The Benefits of Diversification
Outside managers are not only easier to benchmark but also have statistical skill where private investments and less efficient markets are concerned. They also have more resources to perform diligence, can switch out underperforming management,and have unfettered access to capital.
• Liquidity can ease governance tensions and simplify dividend policy
• Easier for family members to exit (or be exited)
• Liquidity invested in other assets can provide uncorrelated returns and enhance long-run family financial returns
• Liquidity invested in other assets can (1) be a lower-cost, lower-risk source of leverage and (2) be tapped in times of business distress
The Benefits of Professional Advice
• Reduces home bias
• Provides continuity across generations
• Acknowledges luck
• Brings skill to the extent skill exists and aids in manager selection
• Brings an objective voice to investment decisions
• Can be held accountable in ways family cannot (easily)
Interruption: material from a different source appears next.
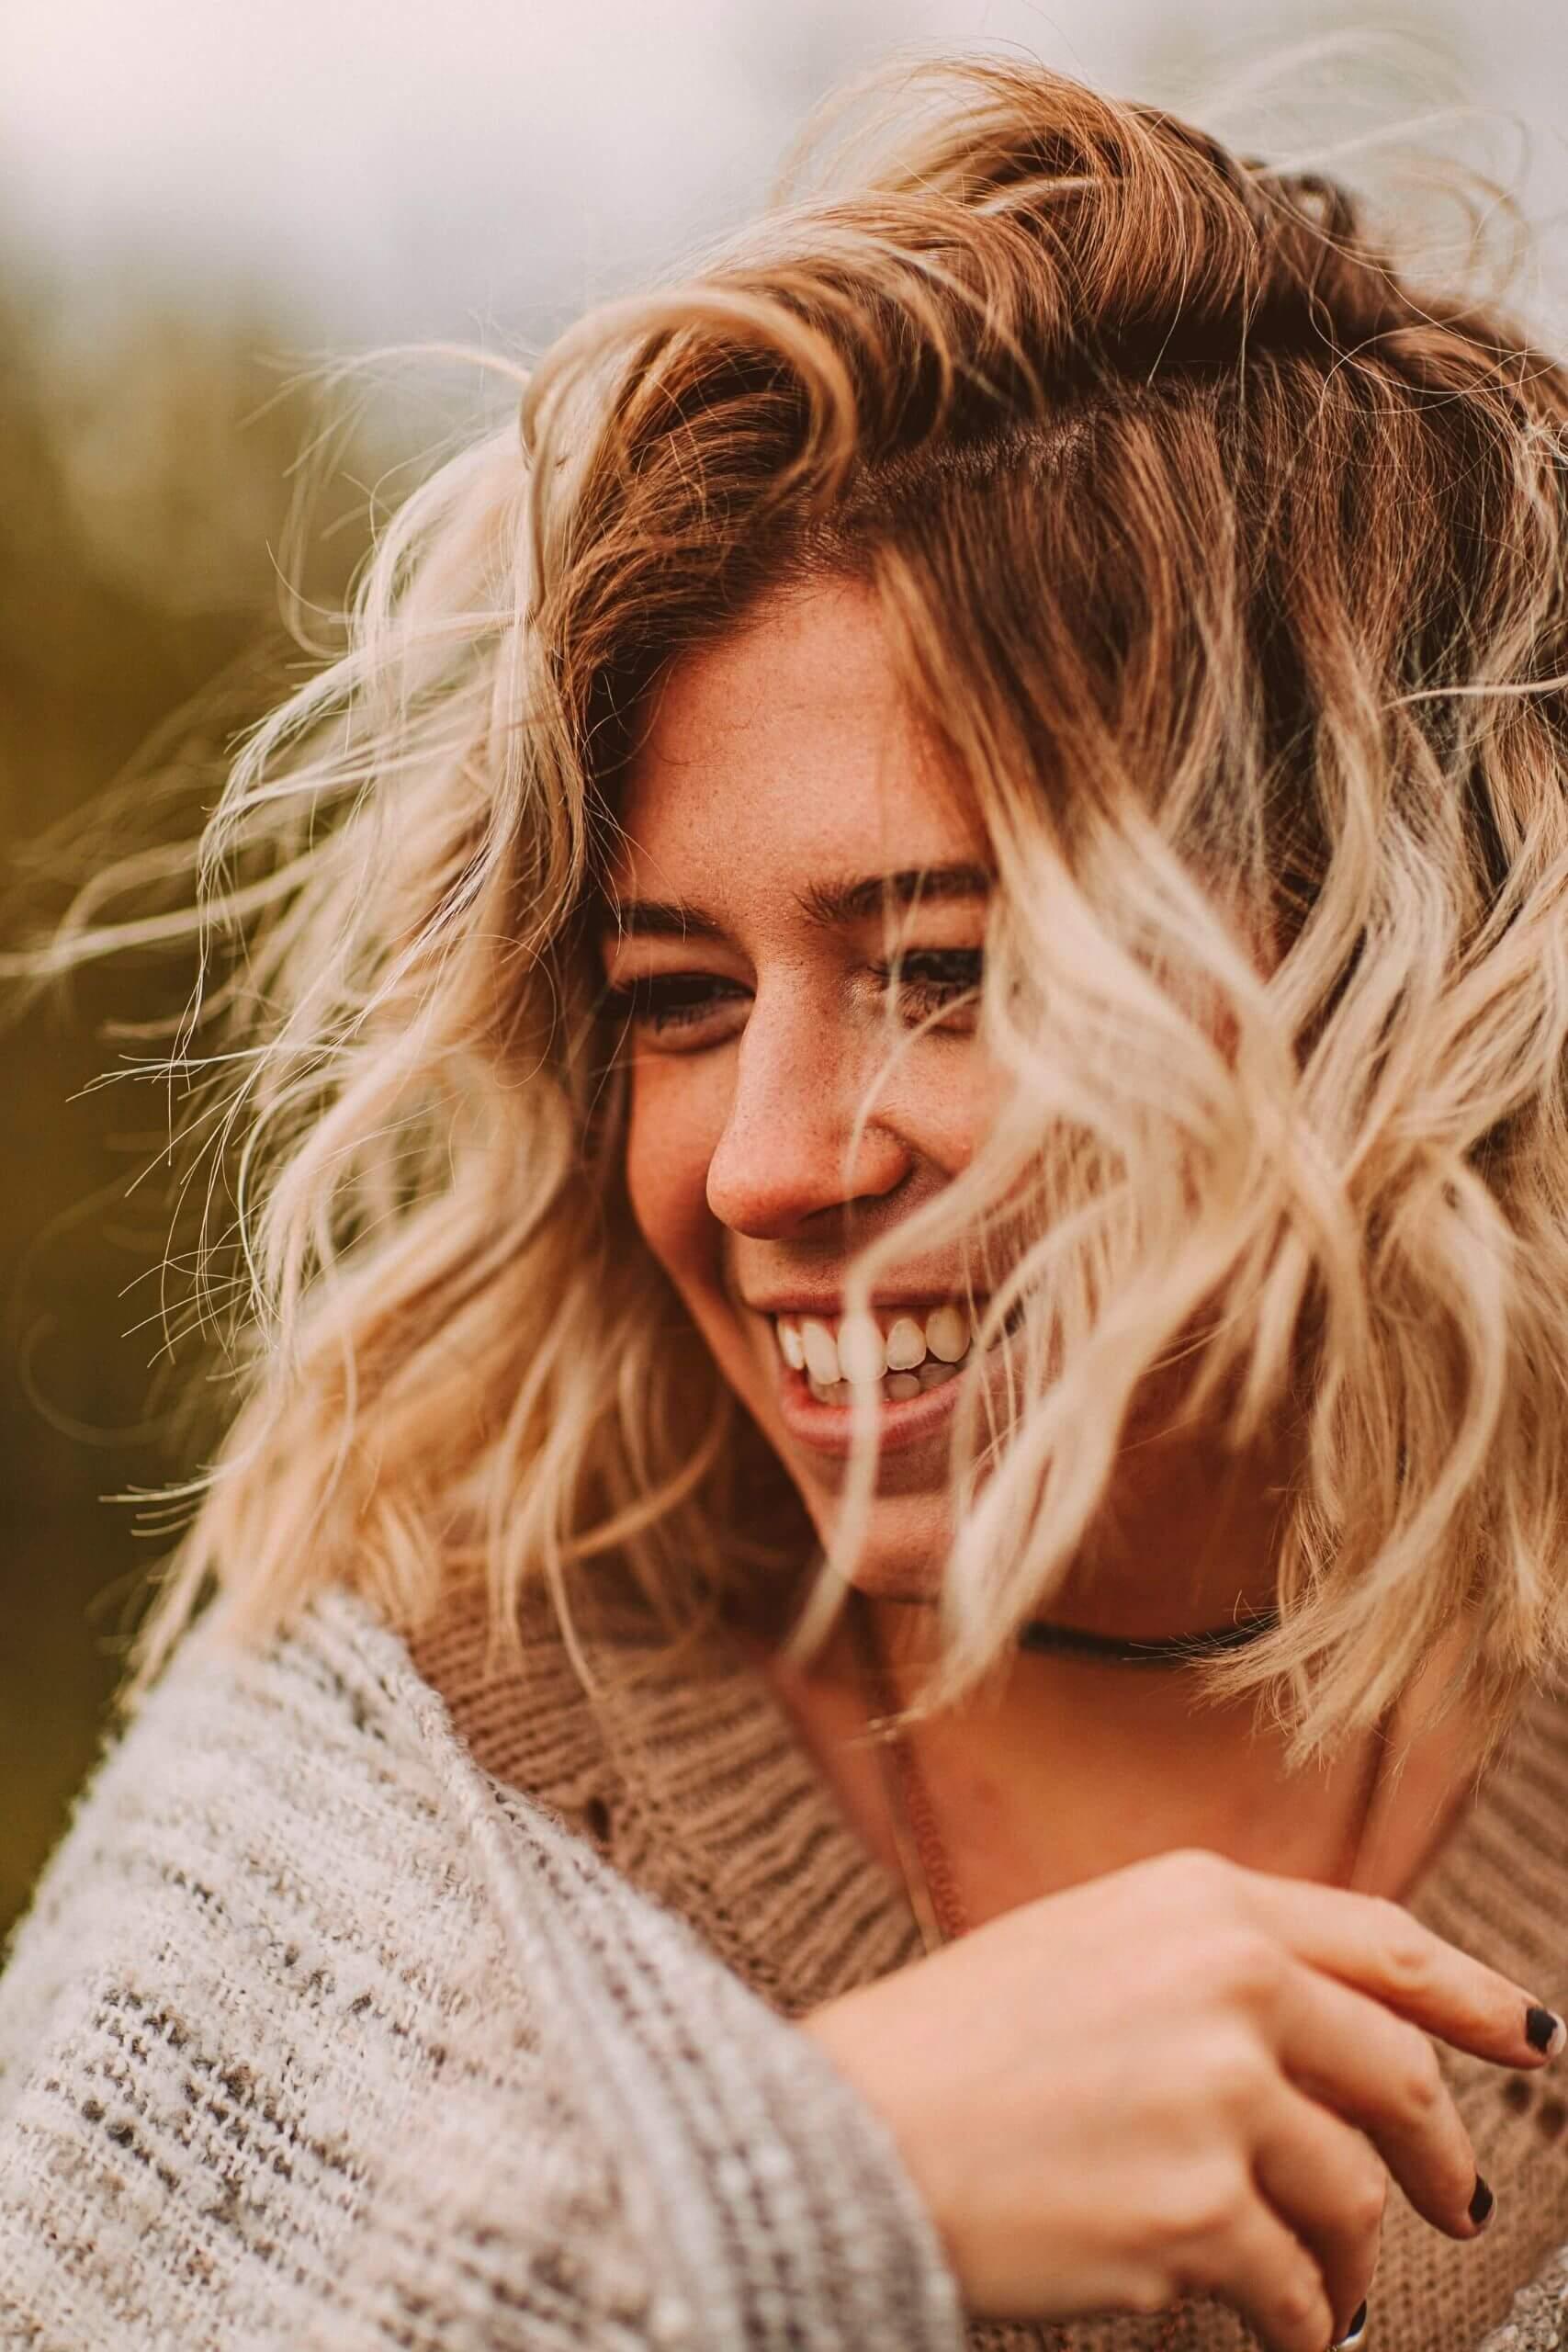 Lachende blonde Frau Portraetaufnahme vorne seitlich
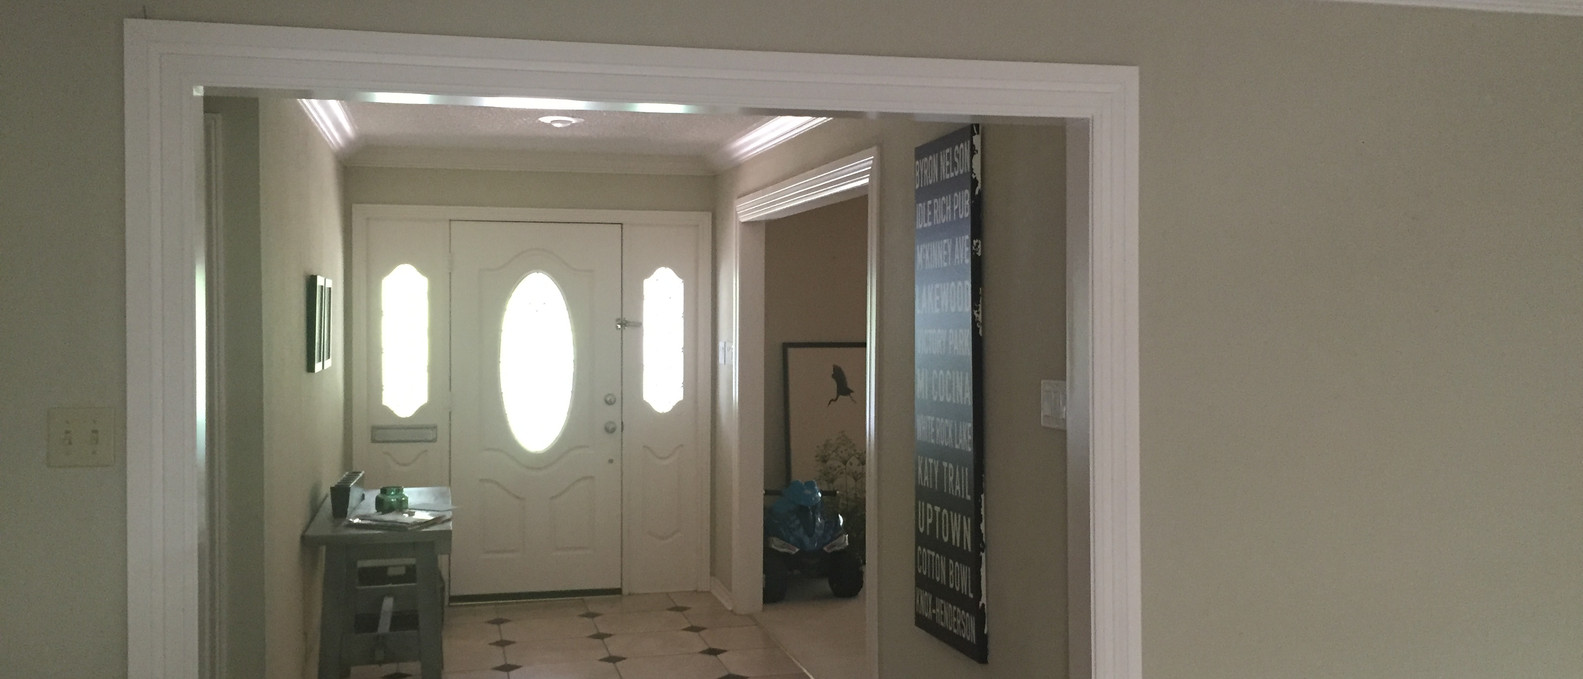 Foyer Before

• Allows for disproving the counterfactual case
• Allows family to focus on business and family — outsources bills, household management, family meeting logistics, etc.
When recognizing biases and unique family preferences, one may find that running a business and a family unit with an eye toward diversification is the best way to ensure a family’s legacy and, ultimately, the enjoyment of the fruits of the family’s labor for generations to come.
Richard Ryffel is the executive vice president of wealth management at First Bank, a family-owned bank based in St. Louis. He is also a part-time professor of finance practice at Washington University in St. Louis.